Keyifli okumalar.
Yeryüzüne düşen yağmur taneleri kadar masum doğar insanlar. Sonra o ufacık damla her zaman okyanusa düşmez. Bazen bir toprağı aydınlatan bilgin, bazen de kara deliğe çeken beyaz ama masumluktan uzak şarap oluverir.
Ruhun kıyısında bir yerlerde saklanmış şarap tanesi kalbe giden atardamara karışıverir. Önce kalbi ele geçirir sonra beyni. Sonra insanları, başka ruhları derken belki de dünyayı yakar. Oysaki o şarap tanesi bir yağmur tanesi değil miydi?
Doğduğumuz anda kaderimiz çiziliyor aslında. Çizilen o resmin parçasında doğduğumuz andaki dökülen o gözyaşları ihraç edildi. Masumluğumuzun devamı düştüğümüz yerle belli oldu.
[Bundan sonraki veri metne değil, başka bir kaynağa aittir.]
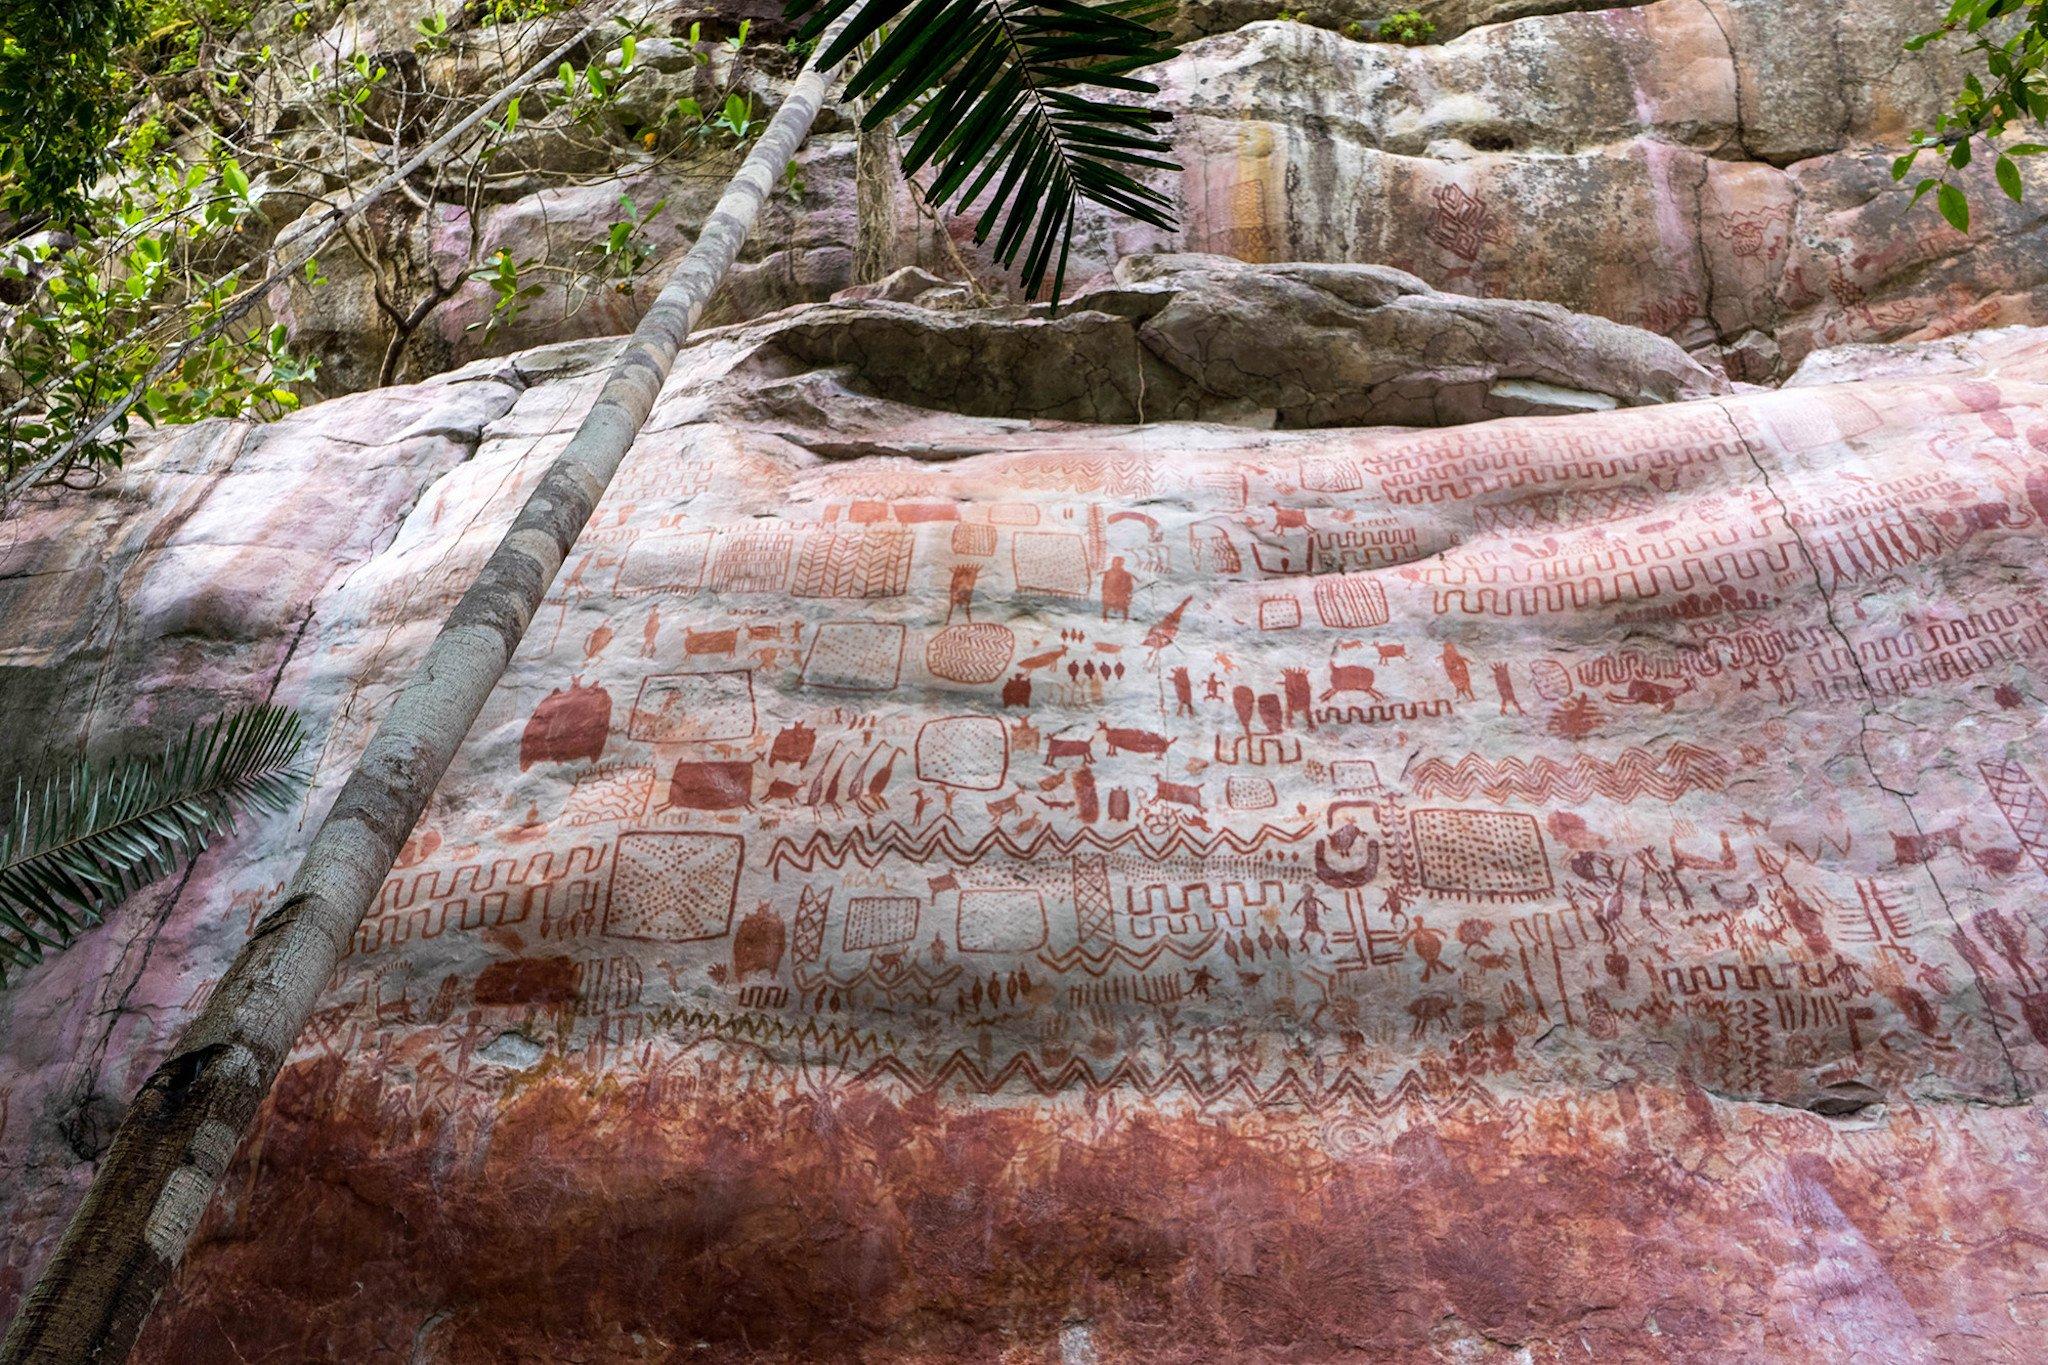 Temukan puluhan ribu lukisan batu di Amazon yang berusia 12.500 tahun

Çöle düşmüş bir yağmur tanesiysek eğer buharlaştı gitti.
***
Oy ve yorumlarınız için teşekkürler.
Mutlulukla kalın.
(Eğer yazdıklarımdan bir anlam çıkaramıyorsanız bana ulaşın ne demek istediğimi anlatırım ☺)
ŞİMDİ OKUDUĞUN
SAYEM
Non-FictionGökyüzünü kaplayan buluttu düşüncelerim. Yağmur gibi yağdı kelimelerim ve satırları ıslattı. Sonra sizin gözlerinizle temas kurdu ve bu kitaba dönüştü. İçinde kendi ruhunuzun kırıntılarına rastlayacağınız kitabıma hoş geldiniz. Zihnim sizin ve bede...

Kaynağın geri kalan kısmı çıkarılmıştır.